Rivaroxaban Trial in Patients With Embolic Stroke of Undetermined Source Stopped Early

The phase III NAVIGATE ESUS trial comparing rivaroxaban and low-dose aspirin in patients with a recent embolic stroke of undetermined source was halted prematurely after an interim analysis demonstrated comparable efficacy in the two arms, partners Bayer AG and Janssen Research & Development announced last week.

An independent data monitoring committee recommended stopping the trial after finding no difference in the rate of stroke or systemic embolism (primary efficacy endpoint). Major bleeding (primary safety endpoint) was low overall, but elevated in the rivaroxaban (Xarelto) group, according to a press release.

The trial, which did not include patients with A-fib or established vascular disease, had enrolled 7,214 patients from 459 sites in 31 countries when it was stopped. They were randomized to rivaroxaban 15 mg once daily or aspirin 100 mg once daily.

“Patients will be contacted by their physician to switch to standard of care, aspirin. Patients should not stop trial medication without consultation of their physicians. We are committed to continuing the extensive investigation of rivaroxaban for patients at risk of deadly blood clots,” Joerg Moeller, MD, a member of Bayer AG's pharmaceutical division and head of development, said in the press release.

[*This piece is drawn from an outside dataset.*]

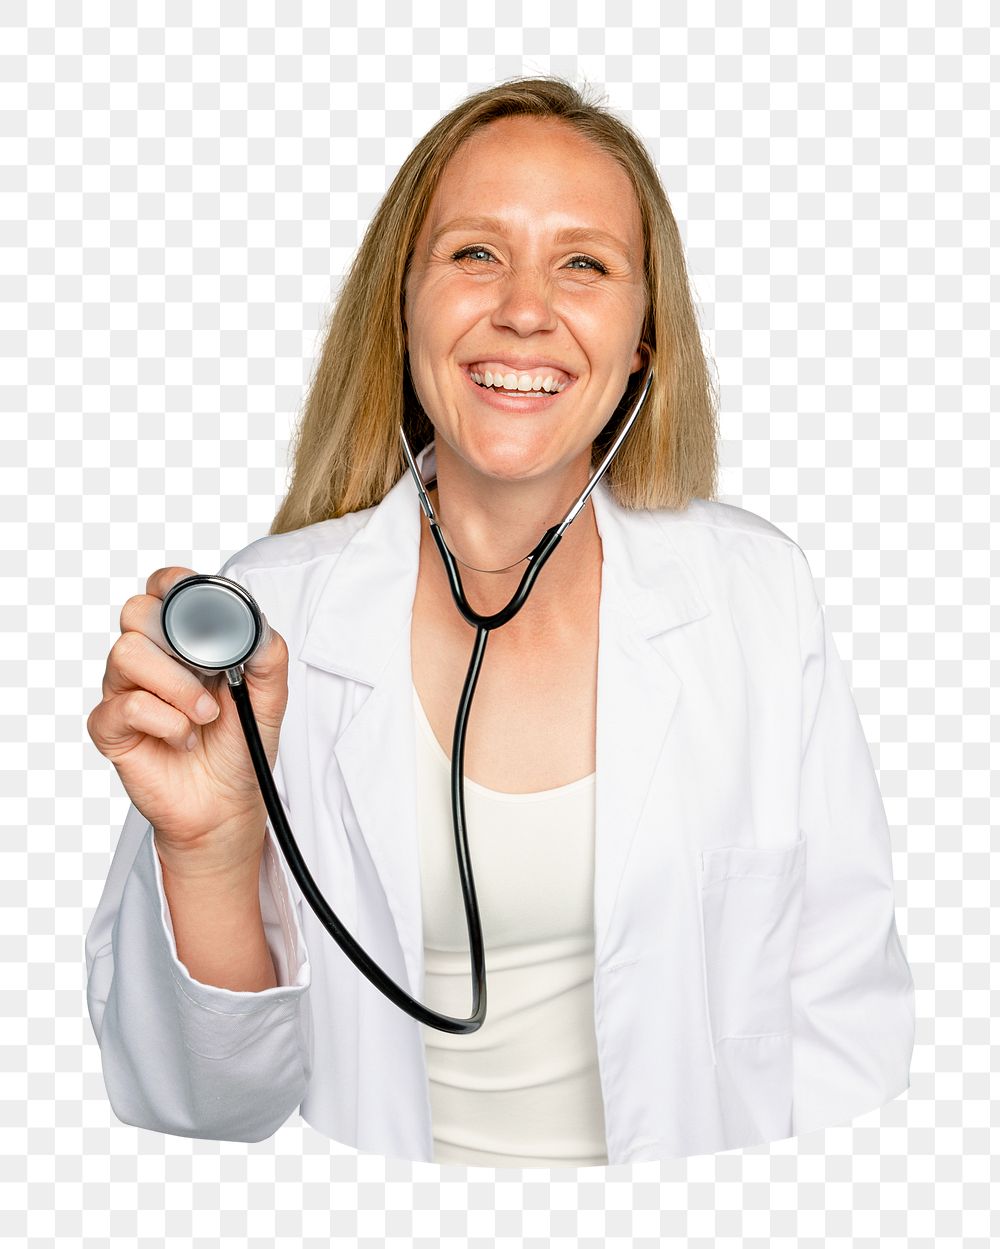 Smiling doctor png sticker, transparent background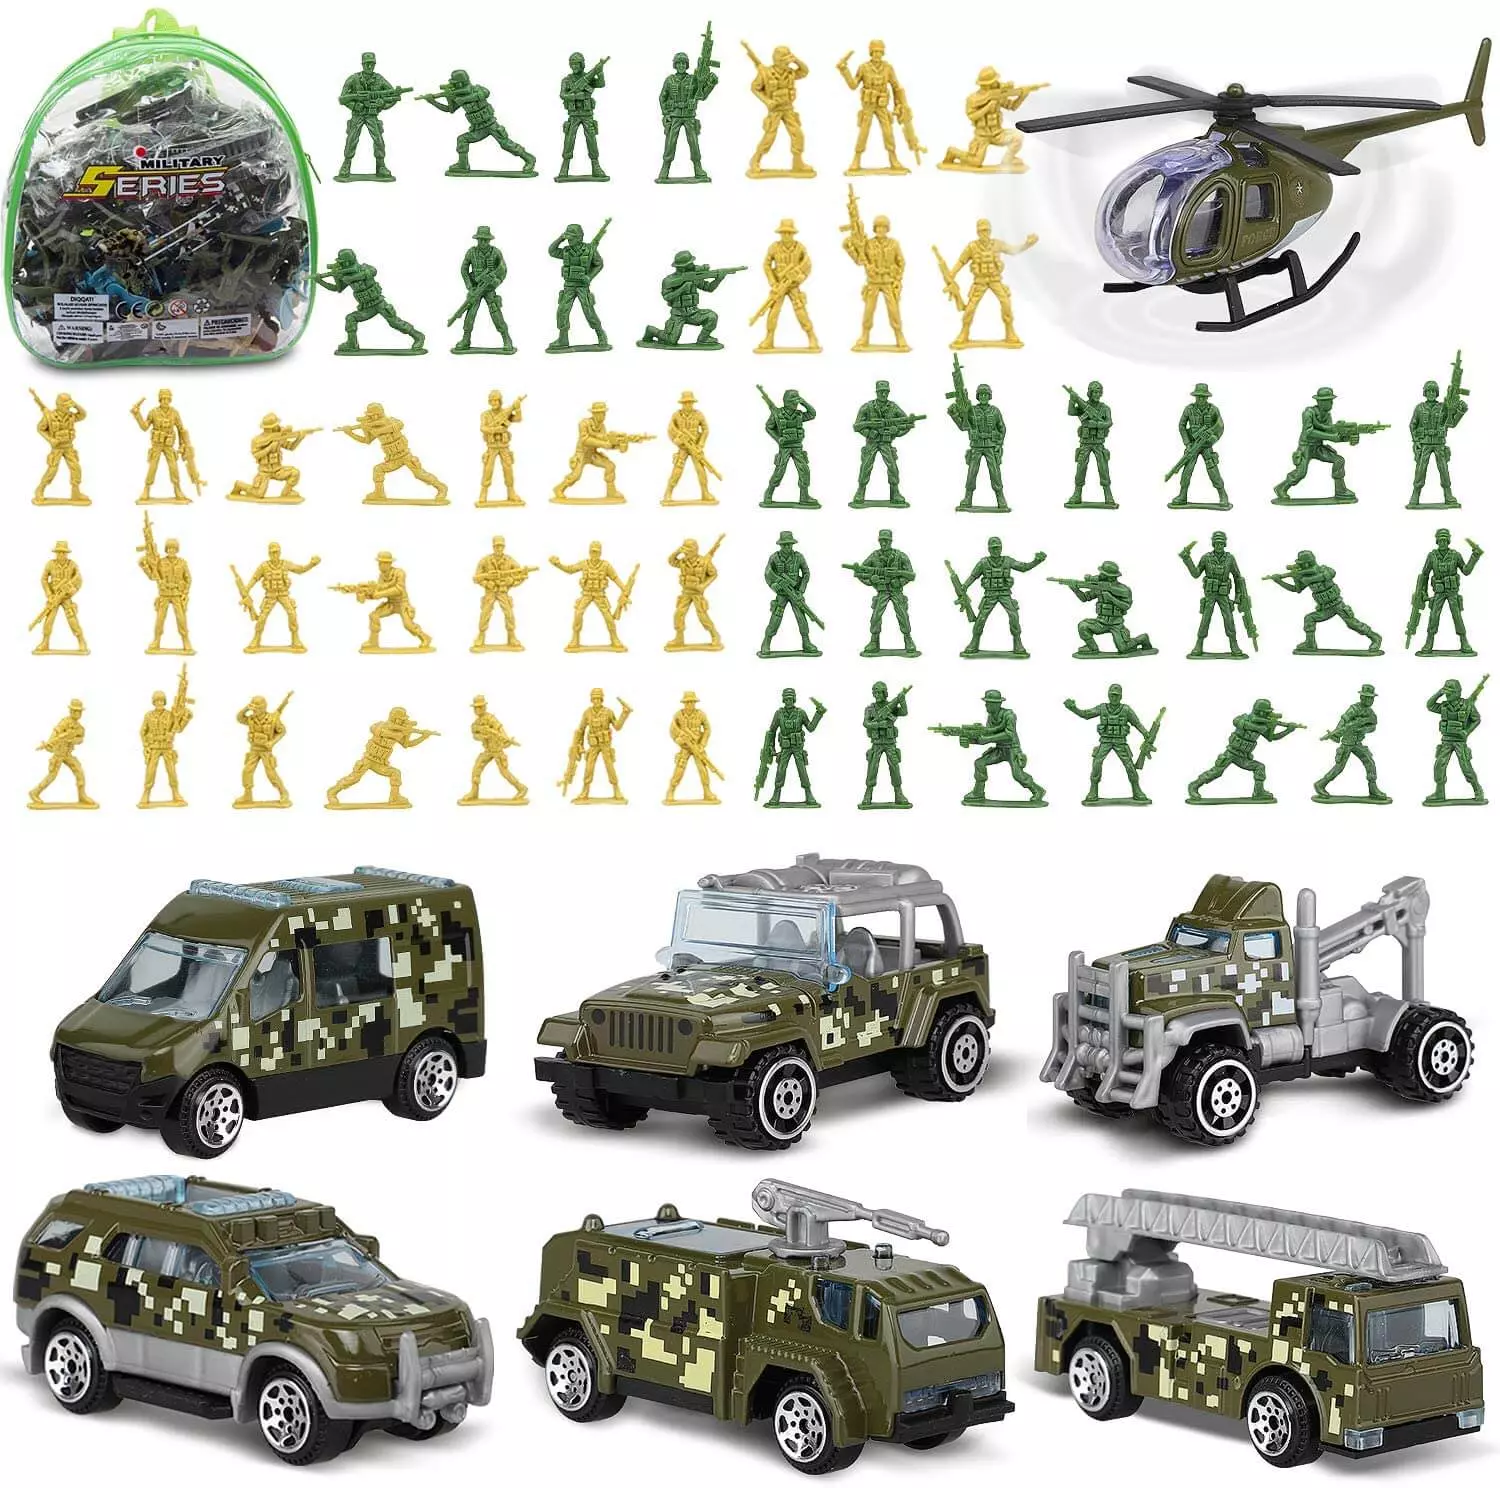 JOYIN Military Vehicles Toy Set of Friction Powered India

Rivaroxaban is approved for stroke prevention in patients with nonvalvular A-fib and numerous other indications around the world, and the drug makers continue to evaluate the non-vitamin K antagonist oral anticoagulant in additional patient populations. The stoppage of NAVIGATE ESUS follows the recent publication of positive results from trials evaluating rivaroxaban in patients with stable atherosclerotic vascular disease (COMPASS) and those at risk for recurrent venous thromboembolism (EINSTEIN CHOICE).